Using the same principle, scientists at the NIH
facilities in Bethesda and Mali are trialling a
vaccine using genetic material from both the Zaire
and Sudan strains of Ebola, while the Canadians
are using another animal virus called vesicular
stomatitis virus (VSV) to deliver genetic material
from Ebola to recipients’ cells.

The GlaxoSmithKline vaccine has already
performed well in animal trials, providing
macaque monkeys with 100% protection against
Ebola for up to 10 months.
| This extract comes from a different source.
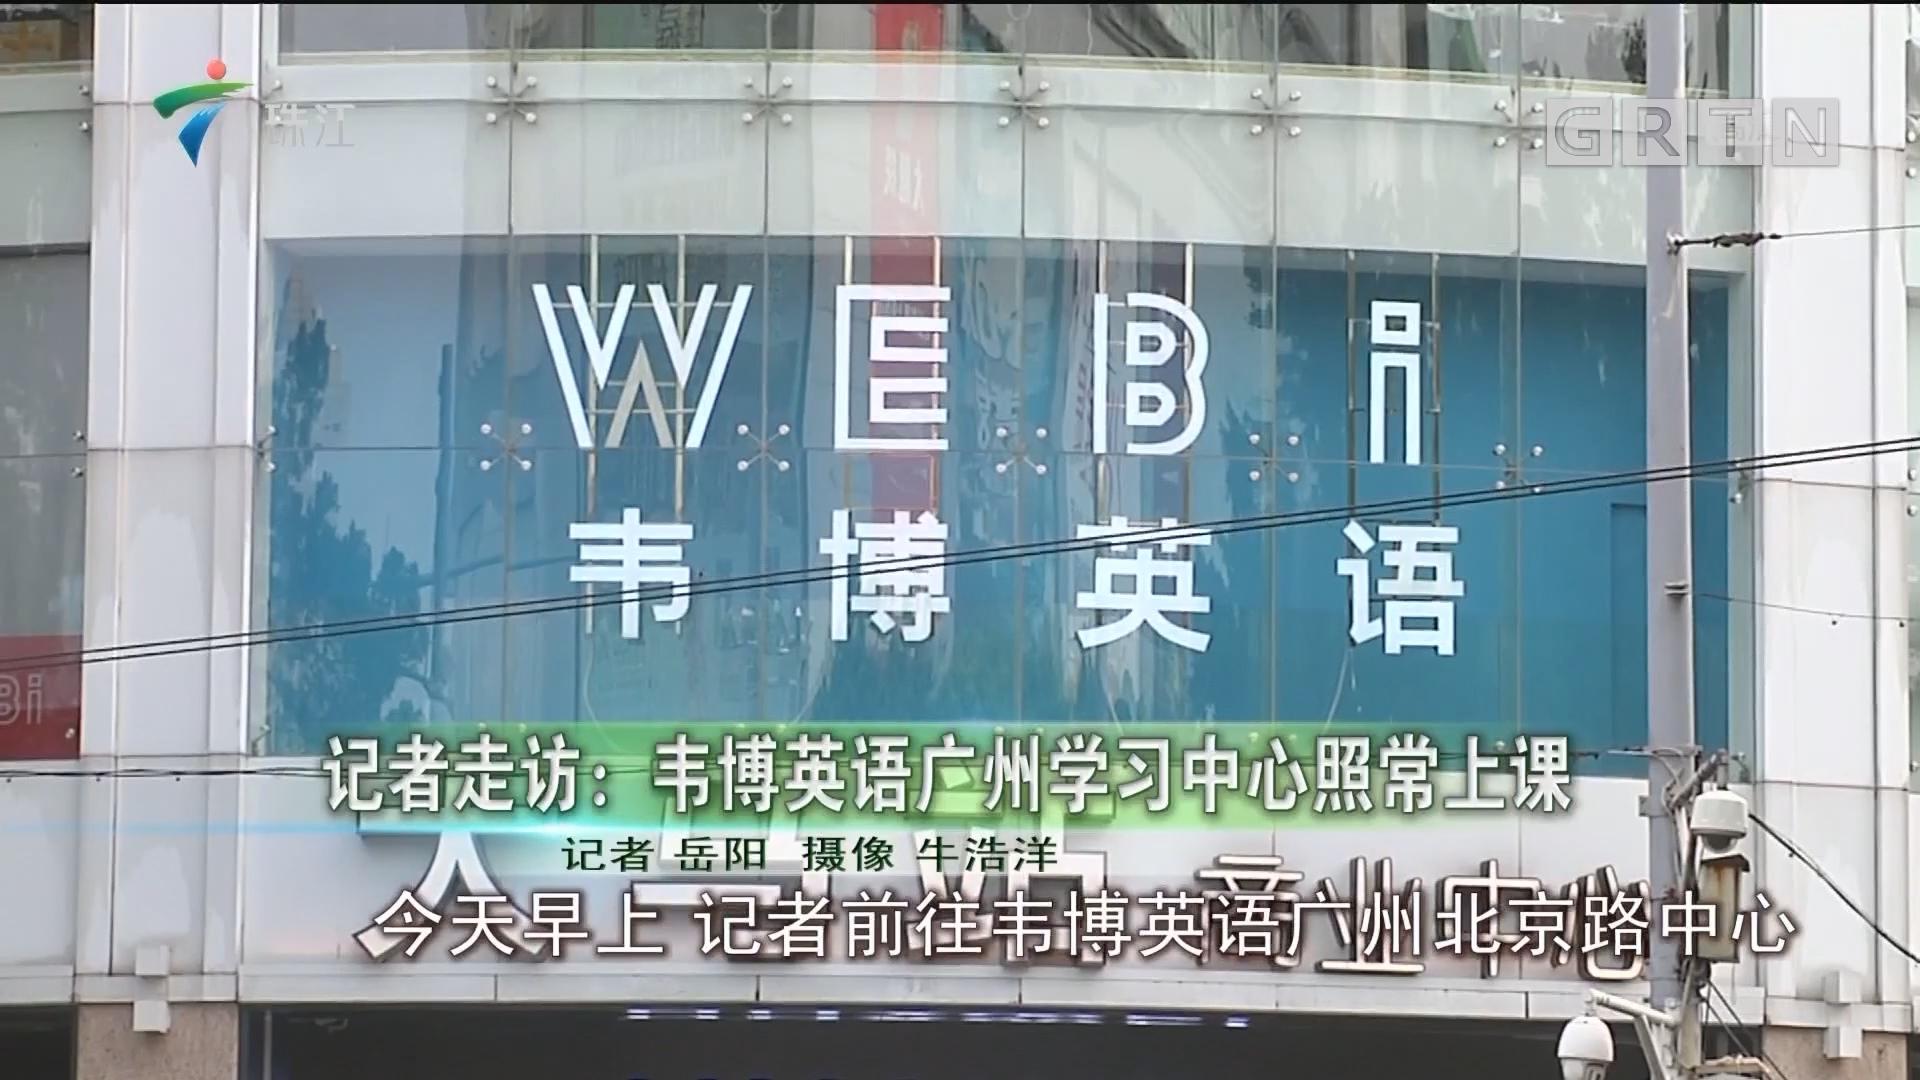 记者走访:韦博英语广州学习中心照常上课

But our immune system
is very different from that of macaques and, to
date, no vector-based vaccine has been licensed for
any disease in humans. That is why scientists are
proceeding with caution and testing the vaccine in
different concentrations in order to ascertain the
lowest dose that will elicit an immune response.

“The big question is, will the immune responses that we generate with the vaccine be strong enough?” says Professor Adrian Hill, the director of
the Jenner Institute. “That’s always a question with new vaccines.”